Bought or invested in? Bitpay was shooting themselves in the foot by not branching out into other digital assets while fees and transaction time skyrocketed. If it took Bitmain to force the issue congrats to them.
The chinese government wanted a crypto they could track, because they want to own all of the mining infrastructure, all of the nodes, all of the code base and the payment gateway to it. So that's what they got. Bcash.
Who mines a block or where the nodes are etc is irrelevant, the ledger is open and public for both Bitcoin and Bitcoin Cash. This isn't the place for wild anti-Chinese conspiracy theories.
I appreciate that there's several different opinions across this thread, but this is the 3rd or so time you've posted this exact comment (and several others); it's verging on spam by now, to me.
If people don't understand that bcash is under regulatory capture of the chinese government, then they are not understanding how cryptocurrencies work.
This does seem like a more plausible explanation. Bitcoin Cash is worse for their application than Litecoin in pretty much every way: it has slower blocks so there's more chance of the price shifting before the transaction confirms, it has less exchange support, they had to create their own address format for it that existing Bitcoin Cash wallets don't even support sending to in order to ensure people didn't accidentally send bitcoins there, and so on. However, it does have the major advantage for Bitcoin miners that their existing mining hardware can be used for it.

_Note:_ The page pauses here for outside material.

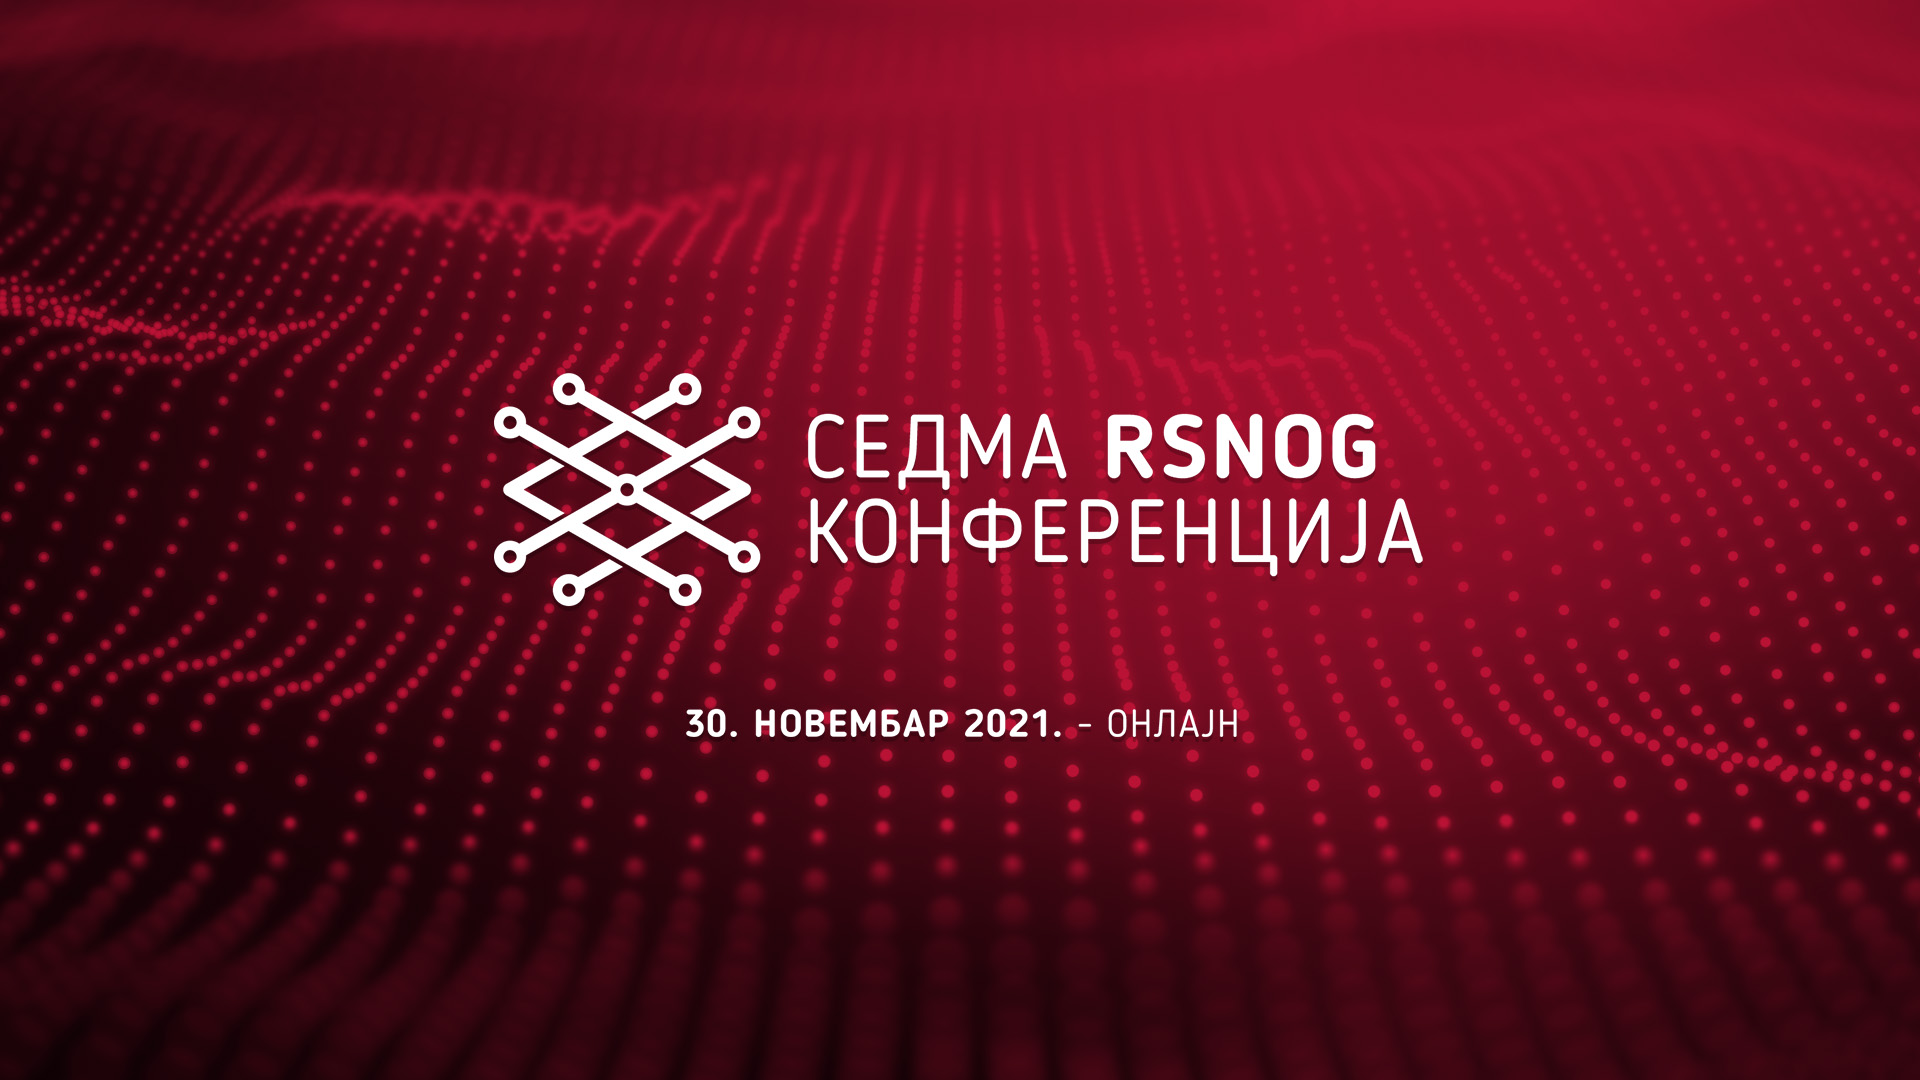 Sedma RSNOG konferencija – o bezbednijem, bržem i stabilnijem internetu

> Bitcoin Cash is worse for their application than Litecoin in pretty much every way
Litecoin will have the same scalability problems as bitcoin core, and it hasn't attracted a cutting edge-team that will be likely to try a different approach to improve the situation. Litecoin is a clone using recycled code and ideas from bitcoin. Clones with stale ideas don't generally eclipse their originators.
"We have carefully studied the most significant alternatives to the Bitcoin Blockchain and have concluded that none of them are compelling" [1]
He's been a bitcoin maximalist for a while, so it's notable to see him finally cave due to the mining fees.